The advantage of these demos and the platform is that the source code is built using CCES and debugged using the JTAG support. There are third parties providing additional video processing libraries that take advantage of the PVP. This will allow developers to build application like advanced driver assistance systems (ADAS) or machine vision. Likewise, this platform will not provide a developer with much out-of-box functionality as the sample software is designed to highlight features rather than providing services to a host. The dual core Blackfin cores also provide enough horsepower to do some interesting user interface support as well.

Comparing The Two Camera Boards

The Pixy Cam and Finboard will be of interest to a wide range of users and developers but they obviously target different types of users and developers.

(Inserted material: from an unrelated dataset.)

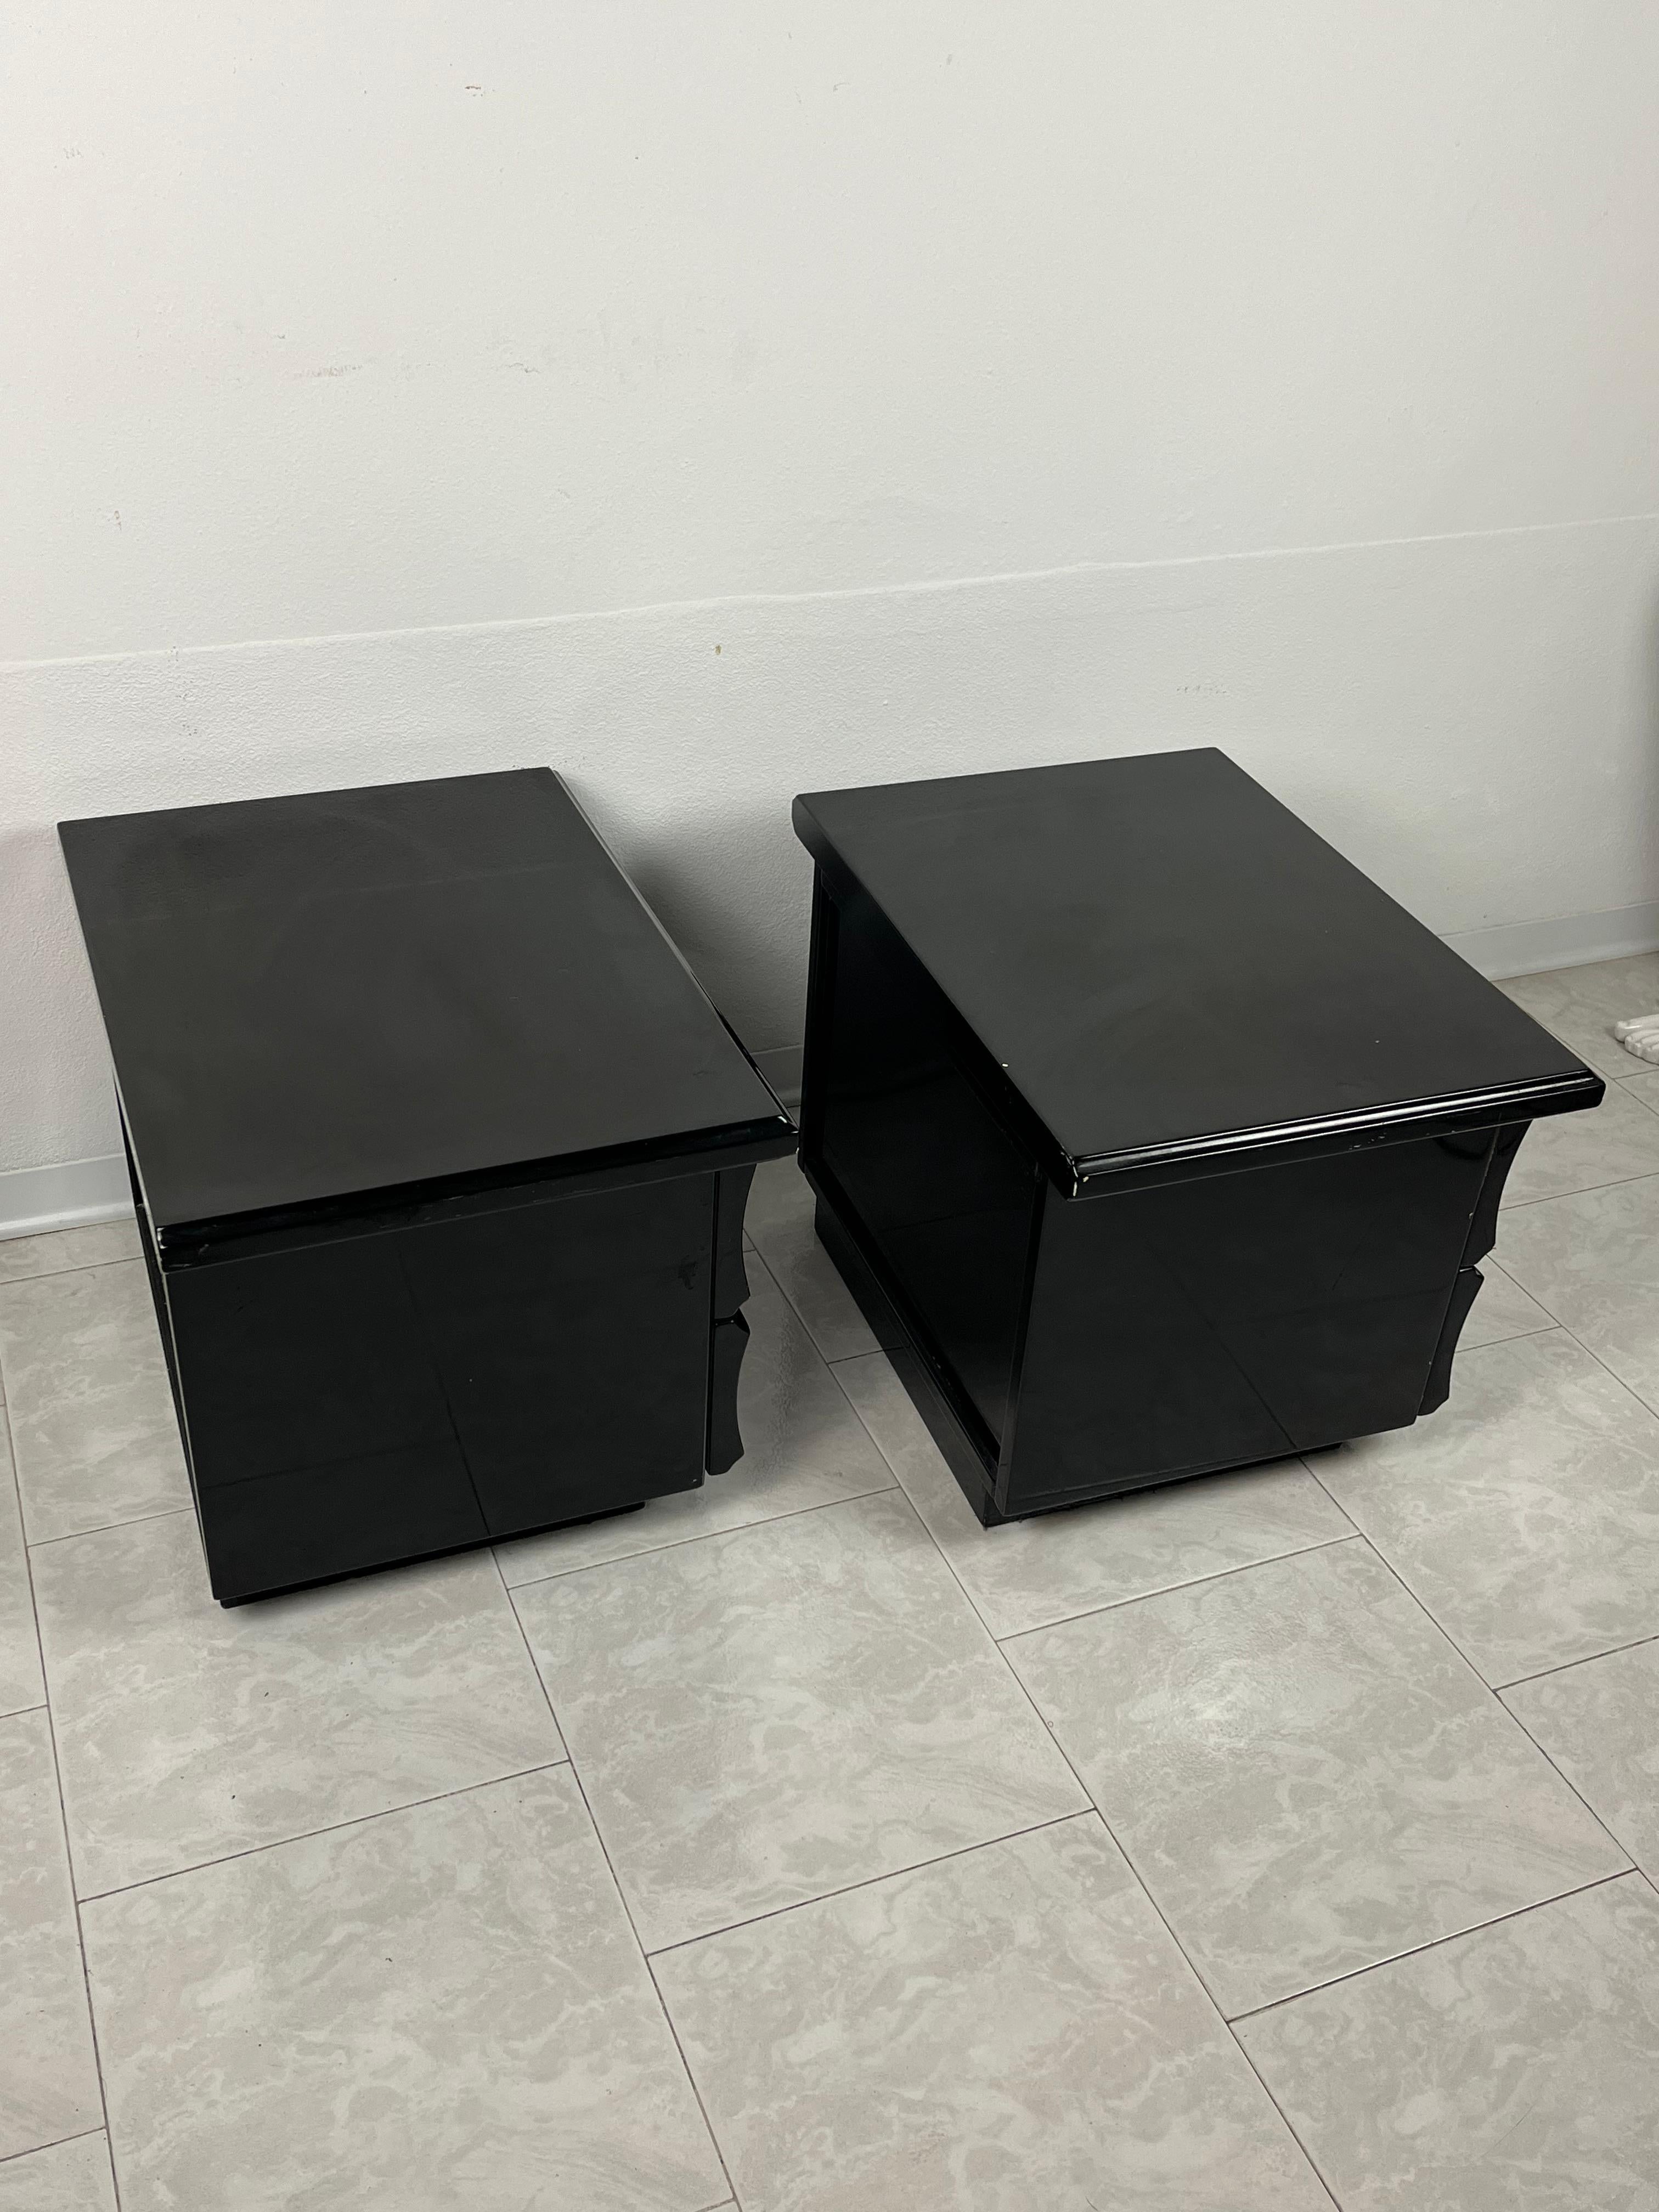 Late 20th Century Pair of Italian Design Bedside Tables, Italy, 1970s For Sale

In terms of cost, the two also address different areas. The NXP LPC4330 costs about $5 and has on-chip memory although it can used off-chip memory as well. It runs at 204 MHz and targets low power solutions. The Analog Devices Blackfin BF609 runs at 500 MHz and costs about $15. It also uses off-chip RAM so the overall cost of a solution will be higher than something like the Pixy Cam. On the other hand, the Blackfin has quite a bit more performance especially with its PVP allowing it to tackle problems that the Pixy Cam could not attempt. 

Both have been fun to work with. I suspect I will be spending more time with the Pixy Cam simply because other developers are working on software for robotics applications that I am also looking at. If I were doing production development project I would likely utilize the Finboard instead.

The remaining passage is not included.